Figure 1 in the Appendix shows the micro F1 for each risk factor for the top 10 submissions. Figures 2 through 7 in the Appendix show the breakdown of the different risk factor indicators by F1, along with the overall scores for each risk factor. We calculated these by evaluating each indicator individually, and then calculating the scores for all indicators for each risk factor combined. The figures show that, with the exception of CAD, most risk factors had significantly more mentions than any other type of indicator, meaning that the overall scores often shadow the mention scores. CAD indicators, on the other hand, were sufficiently varied and numerous to pull the overall score away from the scores for mentions. These trends indicate that in-text diagnoses are by far the most common risk factor indicators, and also that other indicators, such as blood test results, are much more difficult to identify accurately.

Figure 8 in the appendix shows the smoking categories, as well as the overall scores for that risk factor. Like the other risk factors, the overall scores closely mirror the scores for the best-represented category in the corpus, the “Unknown” category. The “Ever” category was the most difficult to identify, with many teams getting 0.

Due to the number of medication categories, we do not have a chart that shows a breakdown of every category, though Table 4 shows that overall, the F1 measures for medications range from 0.8585 to 0.9307.

Table 7 in the appendix shows the exact numbers for Figures 18, for more precise comparisons between teams and risk factors.

7.1 Comparison to other shared tasks

We noted in Section 3 the similarities between some of the previous i2b2 NLP shared tasks and the RF track. While most of the previous challenges are not identical to the RF track, we can still perform some basic comparisons.

7.1.1 Smoking Status

The risk factor annotations used the same smoking status categories as the 2006 i2b2 challenge (Uzuner et al., 2007): past smoker (quit over a year ago), current smoker (presently smokes), has ever smoked (smoked in the past, present status unknown, called “smoker” in the 2006 challenge), never smoked (called “non-smoker” in 2006) and unknown (smoking status not mentioned in the document).

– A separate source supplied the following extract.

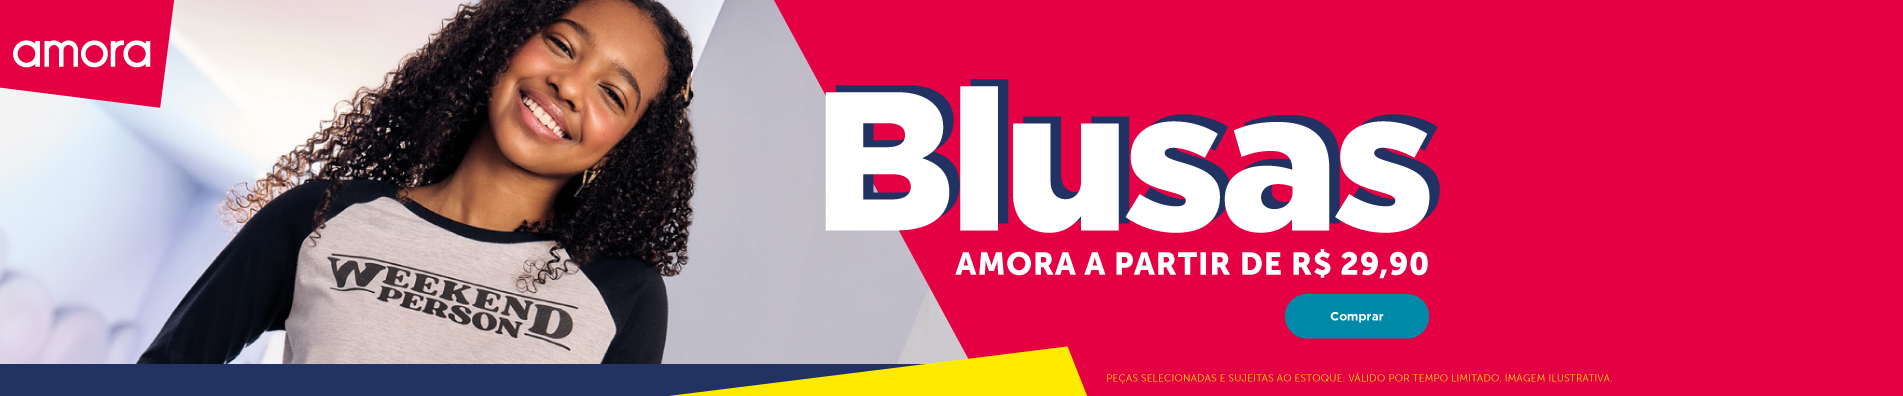 BANNER N1.b - DESKTOP Blusas Amora a partir de R$29,90

The 2006 smoking shared task data set consisted of 502 medical records; the 2014 corpus had 1,304. The left side of Table 5 show the relative percentages of the different smoking categories in the two corpora.

Table 5.

Smoking status in 2006 and 2014 corpora

Comparison of 2006 and 2014 for smoking status categories
Distribution of smoking status categories Performance on smoking status categories
% of 2006
corpus
% of 2014
corpus
Top 2006 F1
scores
Top 2014 F1
scores
Past 9.3 20.1 Past 0.67 .8869
Current 9.2 7.0 Current 0.82 .7143
Non-smoker (never
smoked)
16.3 23.3 Non-smoker
(never smoked)
0.94 .9237
Smoker (ever smoked) 2.4 .9 Smoker (ever
smoked)
0.4 0
Unknown 62.7 47.1 Unknown 0.96 .9688
Unspecified
(no consensus reached
for gold standard)
- 1.6 - -

The distributions of smoking categories in the two corpora differ substantially; this may in part be due to the 2014 data having been chosen for patients at risk for CAD, meaning that it is more likely that the doctor would make a note of whether or not the patient smokes, and possibly even more likely for the patients to have quit smoking out of concern for their health.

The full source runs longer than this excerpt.